Night
Written by Elie Wiesel
Plot
In May, 1944, Eliezer Weisel and his family were forced from their home and sent to the Auschwitz concentration camp. During "Selection", Elie and his father were separated from his mother and three sisters. Elie retells the agony he, his father, and other innmates endured in WWII.
Characters
Eliezer Wiesel
A Jewish man who survived the Holocaust. He tells the story of how he did in his memoir Night. He was only fifteen when he was deported to Auschwitz, and he was liberated in Buchenwald at the age of sixteen.
Shlomo Wiesel
Eliezer Weisel's late father. His and Elie's greatest worry throughout the book was to stay together. Shlomo perished during the Holocaust, two and a half months before his and Elie's camp was liberated.
Tzipora Wiesel
Elie's little sister who was taken to the gas chambers with her mother soon after their arrival in Auschwitz. She was only seven.
Conflict- Internal
Man vs. Self
Eliezer struggled to keep his faith in god. "...I was alone, terribly alone in a world without God, without man...I felt myself to be stronger than this Almighty to whom my life had been bound for so long. In the midst of these men assembled for prayer, I felt like an observer, a stranger." (Elie Wiesel, 68)
Things That Stood-Out to Me
Cattle Cars
When Elie and his family was first transported, they could only fit eighty people to a car.
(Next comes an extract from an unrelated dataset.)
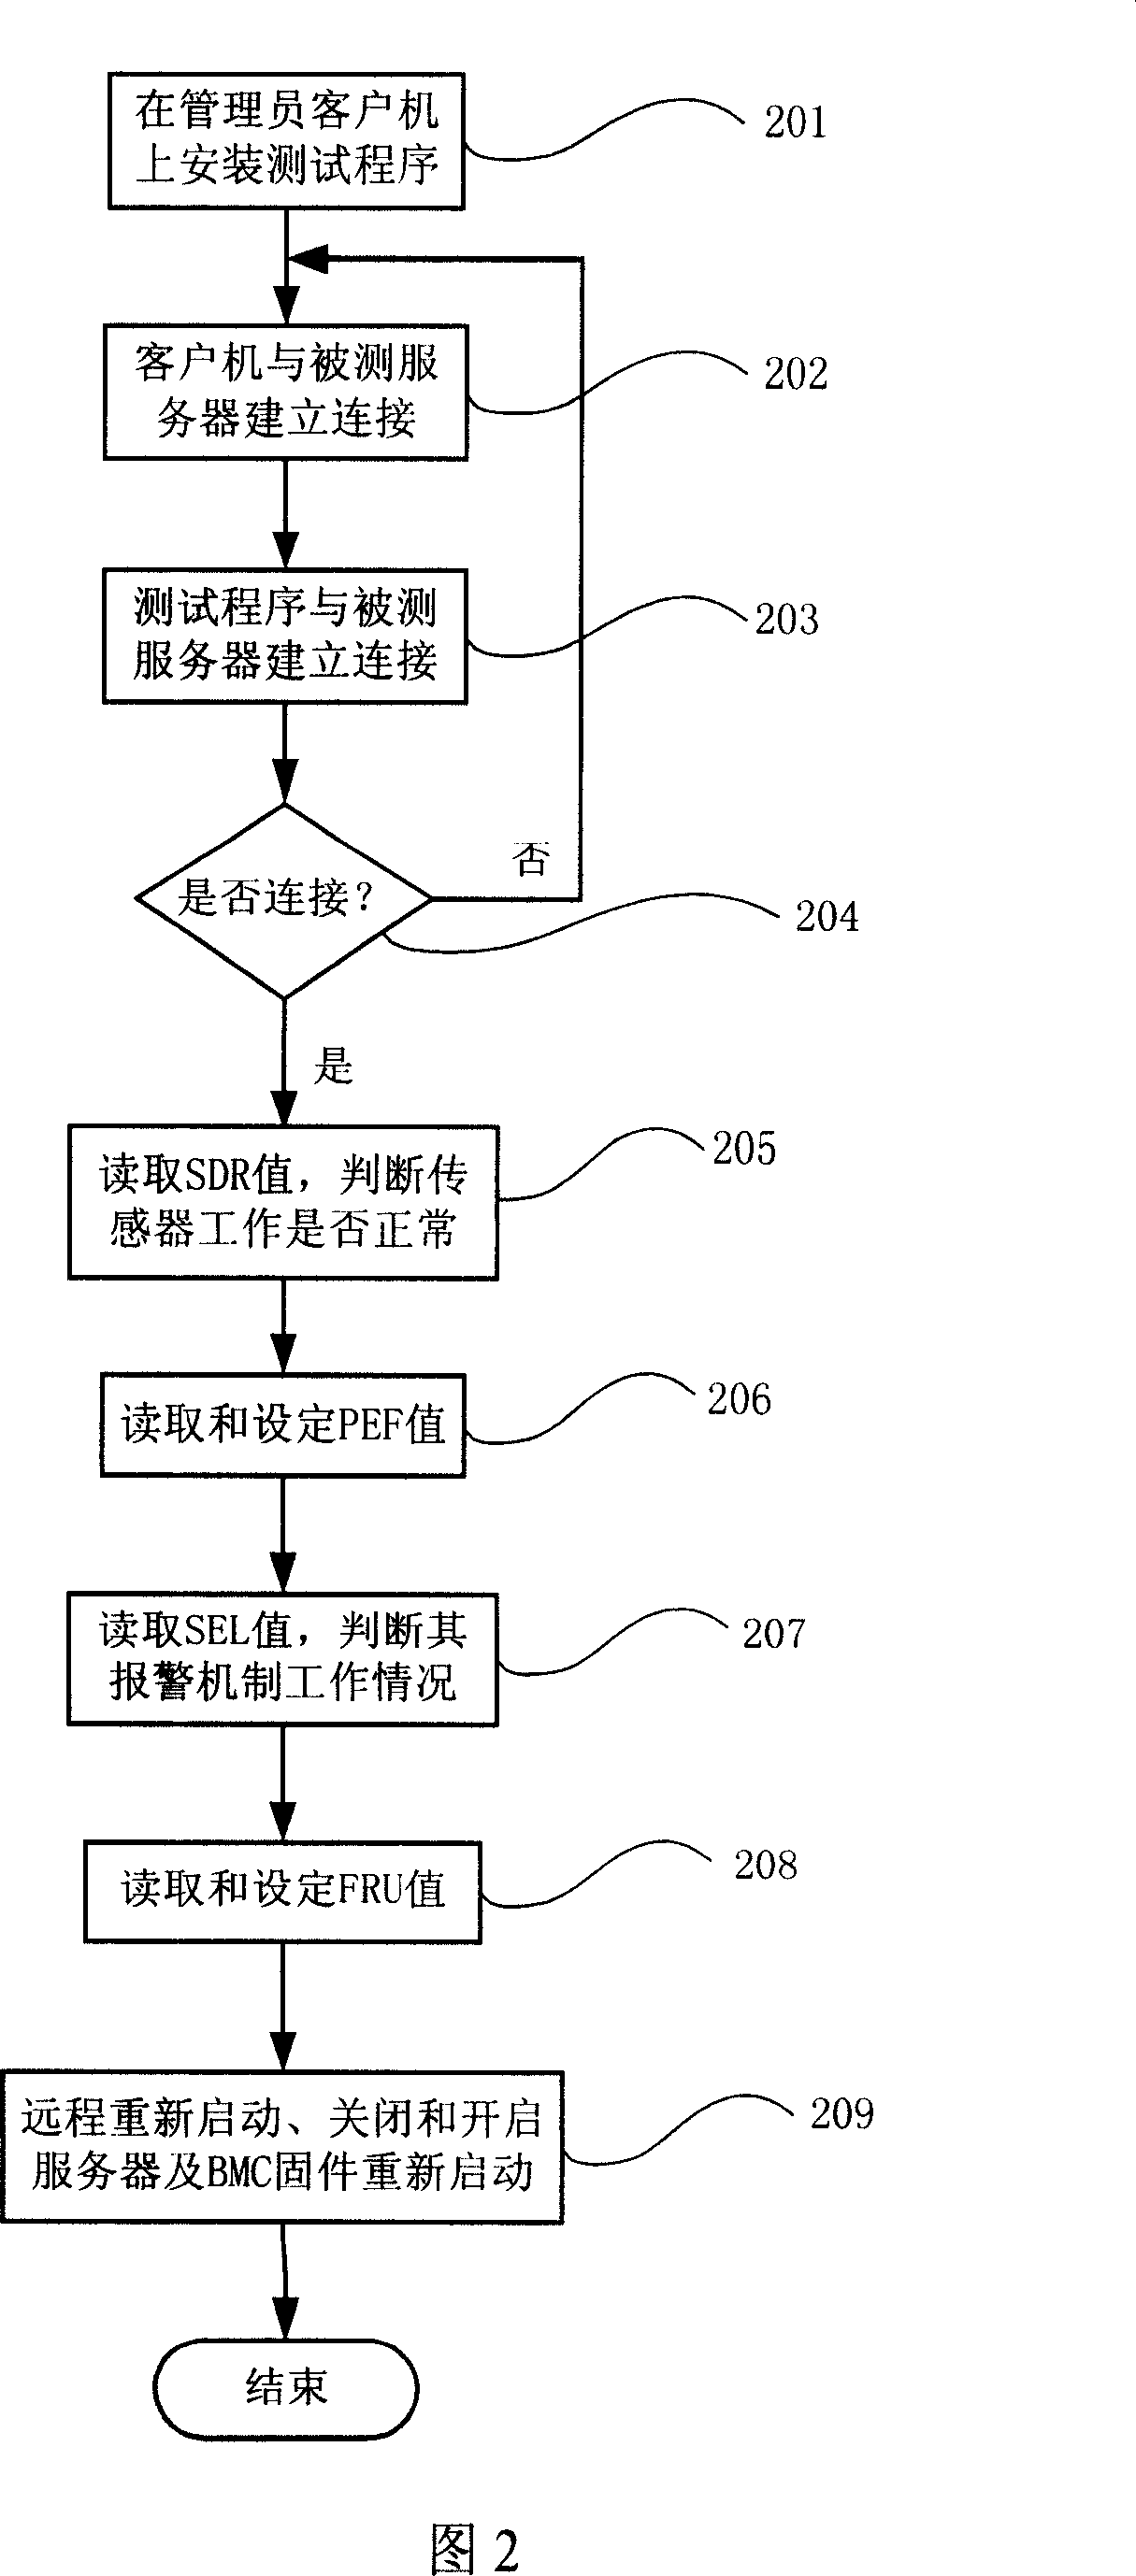 Remote based intellectual platform management interface testing system and method

Near the end, they were able to force about a hundred people into each car. This was because everyone was so skinny from being malnourished that they took up less space than before.
Public Hangings
Elie and the other inmates witnessed many hangings while they were in the Buna concentration camp. They were often forced by the nazis to watch the life drain from people as they hung from the gallows.
Pipels
Elie only ever saw one victim weep as he was hung. He was a sad-eyed child with the face of an angel. He was a pipel, or a young boy favored and given special privileges by an inmate with power, such as an Oberkapo. After the pipel's Oberkapo was found to be planning a revolt, the pipel was tortured and sent to the gallows. He was too light for his rope and Elie was forced to watch him as he writhed for more than half an hour.
Air Raid Sirens followed by the All Clear (Very good quality recording)
Air Raid
A boy was sent to the gallows after he stole soup during an air raid. This was the first hanging Elie Weisel ever witnessed in Buna.
Dachau Concentration Camp Bell
Bells
The bells rang in order to keep the inmates on schedule. When Eliezer hurt his foot and went to the hospital, he was relieved because he no longer had to obey the bells.
Settings
Sighet
The transylvanian town Elie and his family lived in until their deportation.
Birkenau
Elie was separated from his mother and Tzipora during selection here.
Auschwitz
Elie and his father were moved to Auschwitz the next day.
Buna
Elie witnesses many hangings in Buna.
Buchenwald
Shlomo Wiesel died a short time after his arrival here in late January due to sickness, malnutrition, and a blow to the head from an SS officer. Elie Wiesel was liberated here on April 11, 1945.
The Juliek's Concerto
Juliek's Finale
After the death march to Gleiwitz, the dead were piled on the living and dying. In the dark, cold, silence, a young boy named Juliek, whom Elie had met in Auschwitz, played a Beethoven concerto on his violin. "Never before had I heard such a beautiful sound." (Wiesel, 95) By daybreak, Juliek was hunched over, dead.